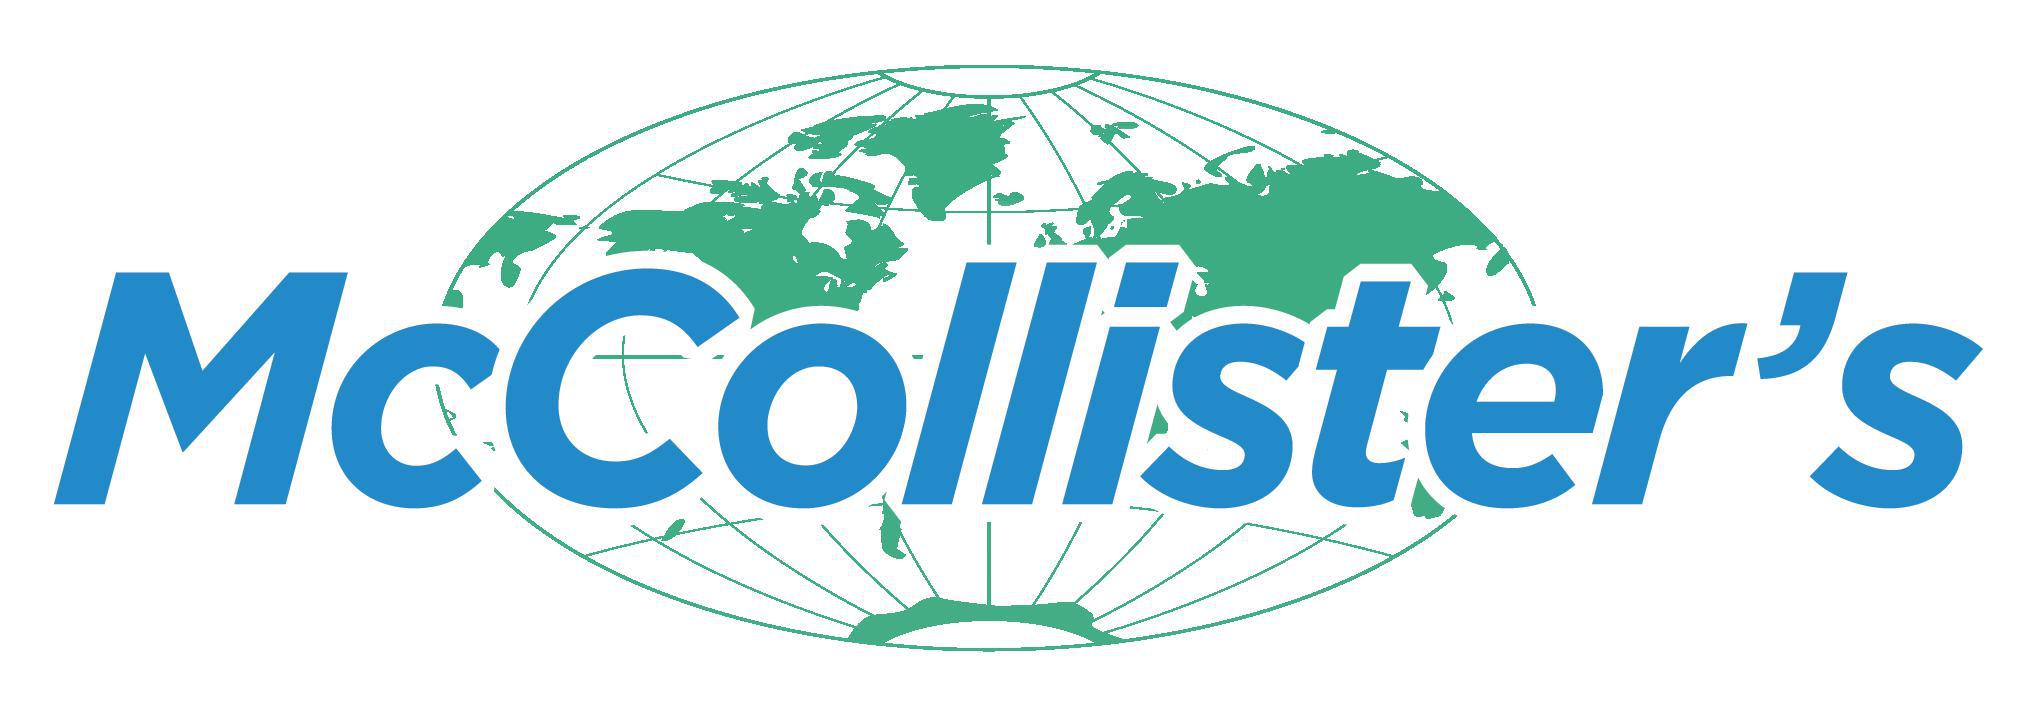 Mccollister's Transportation Group logo 1
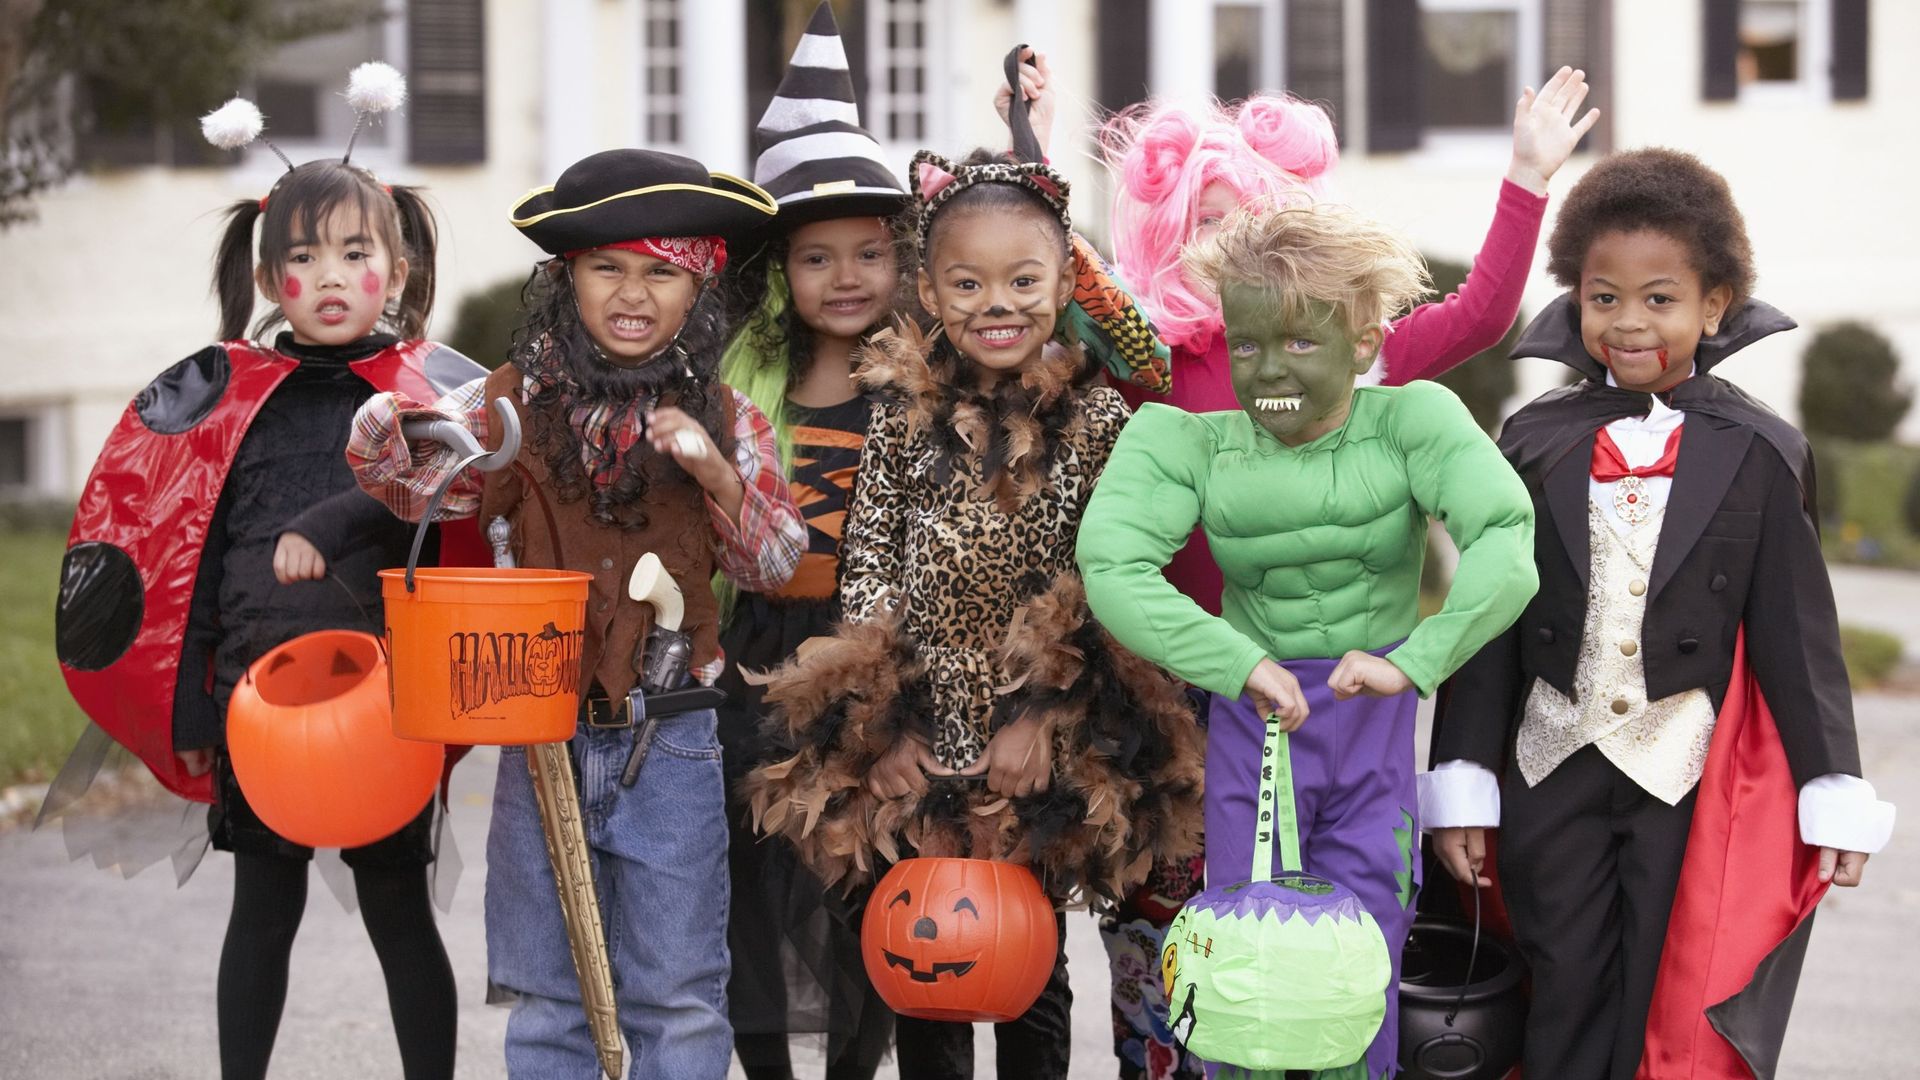 Children (4-7) dressed up for Halloween, group portrait
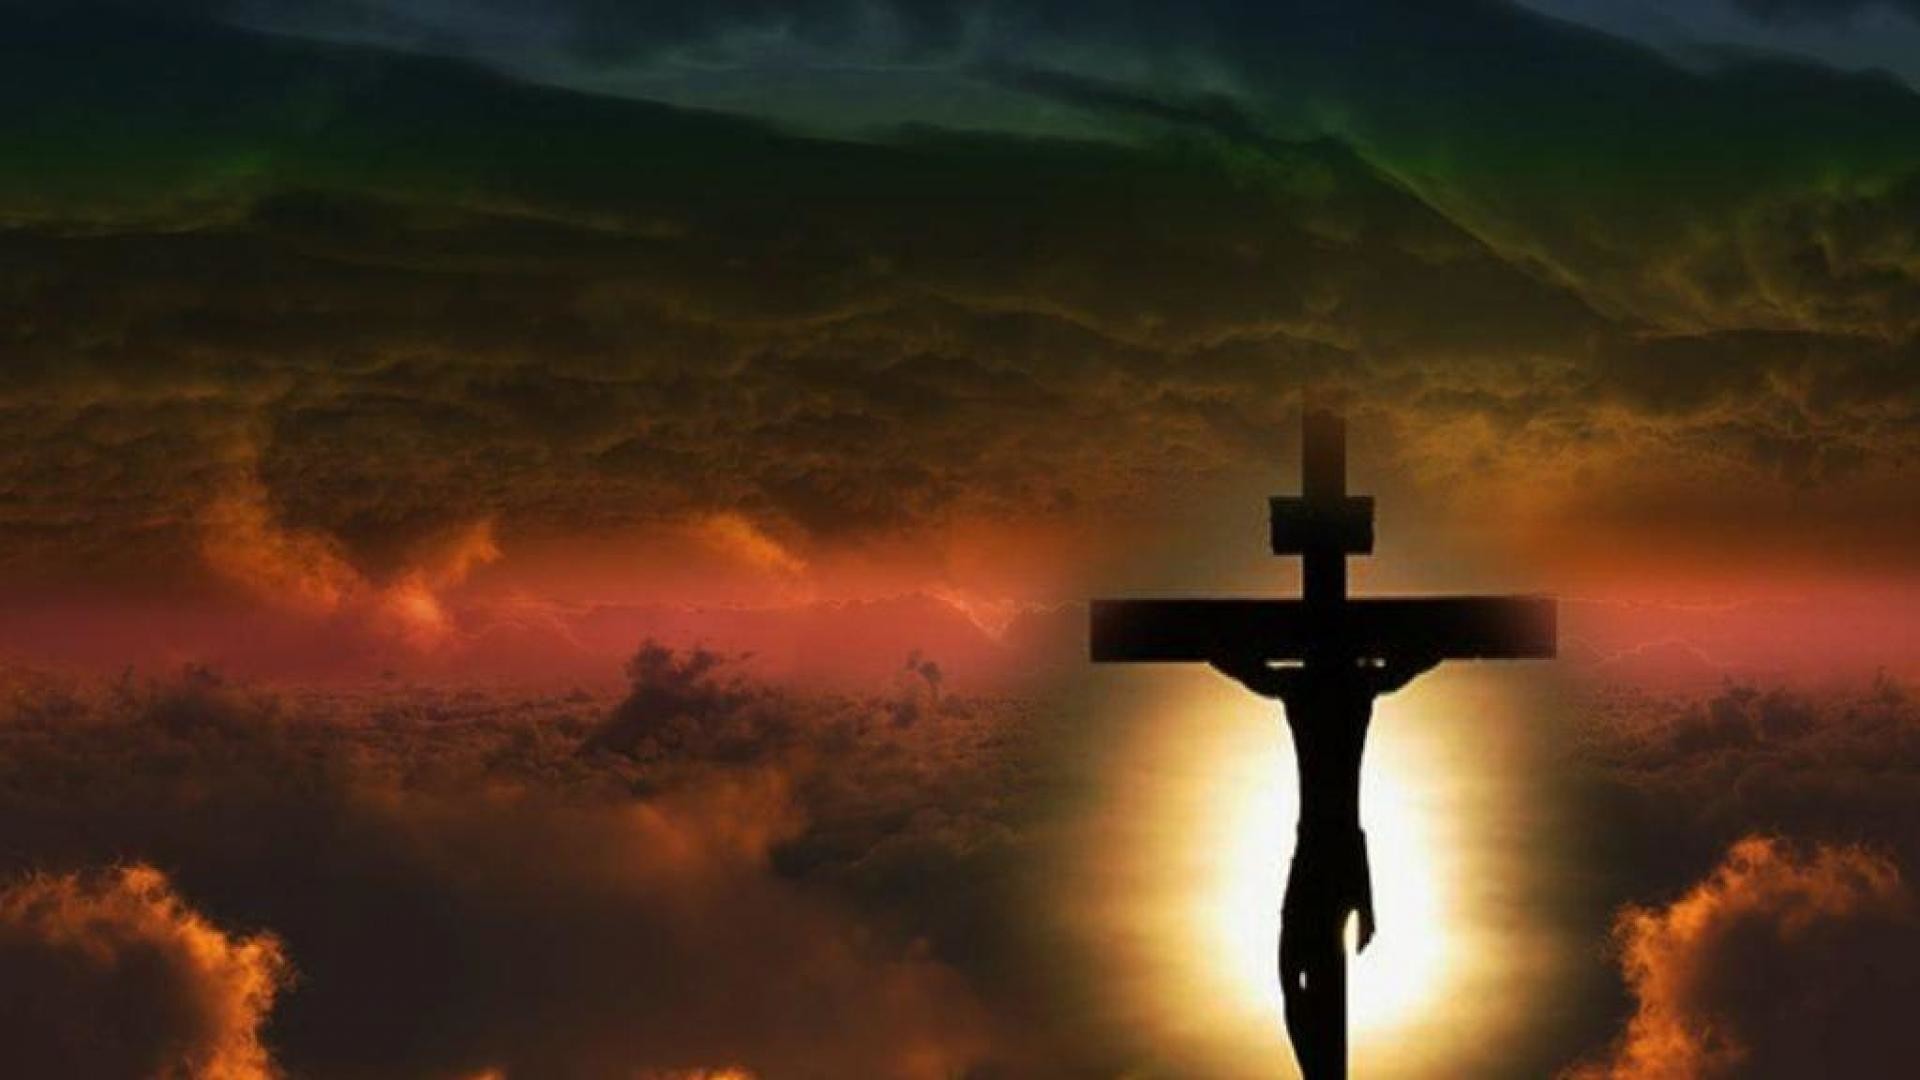 Jesus Cross Images Hd Download Free : Free Download Jesus Cross Hd ...
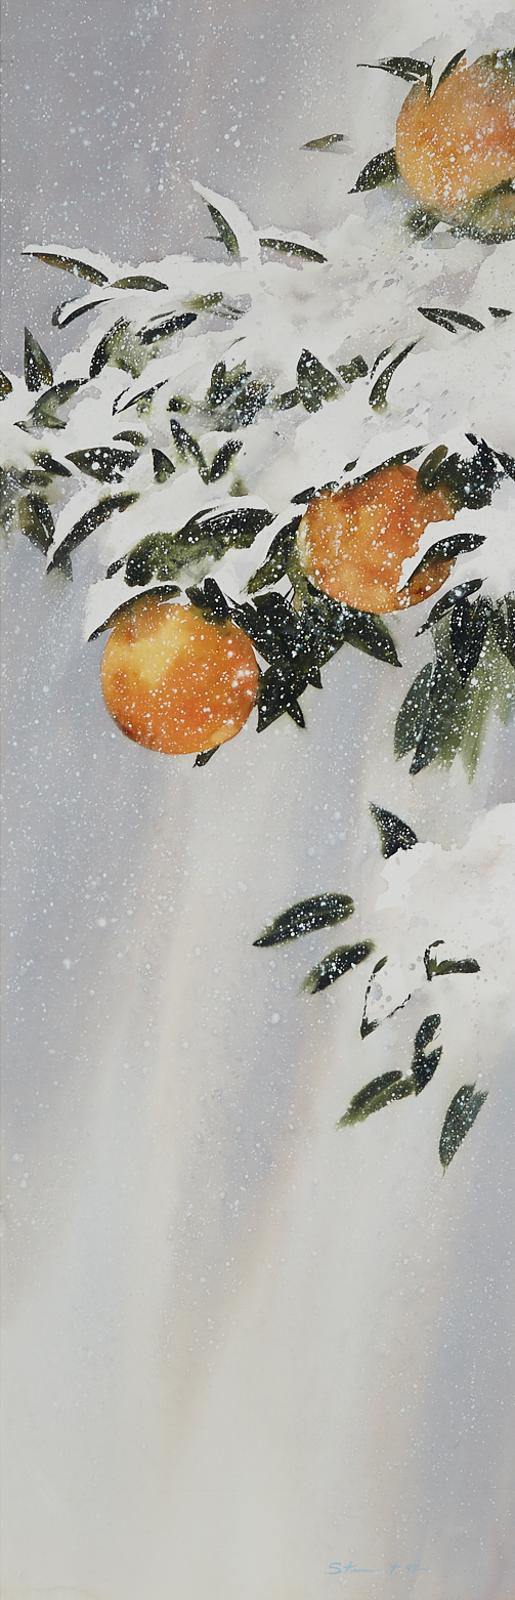 Joel Stewart (1959) - Fruit Branch Covered In Snow, 1997

* What is needed
Only the lines from the line with "Children (4-7) dressed" through the closing line of the data, both included, should be set down, exactly as written and without pictures.

* Task solution
 Children (4-7) dressed up for Halloween, group portrait
 Jesus Cross Images Hd Download Free : Free Download Jesus Cross Hd ...
 Joel Stewart (1959) - Fruit Branch Covered In Snow, 1997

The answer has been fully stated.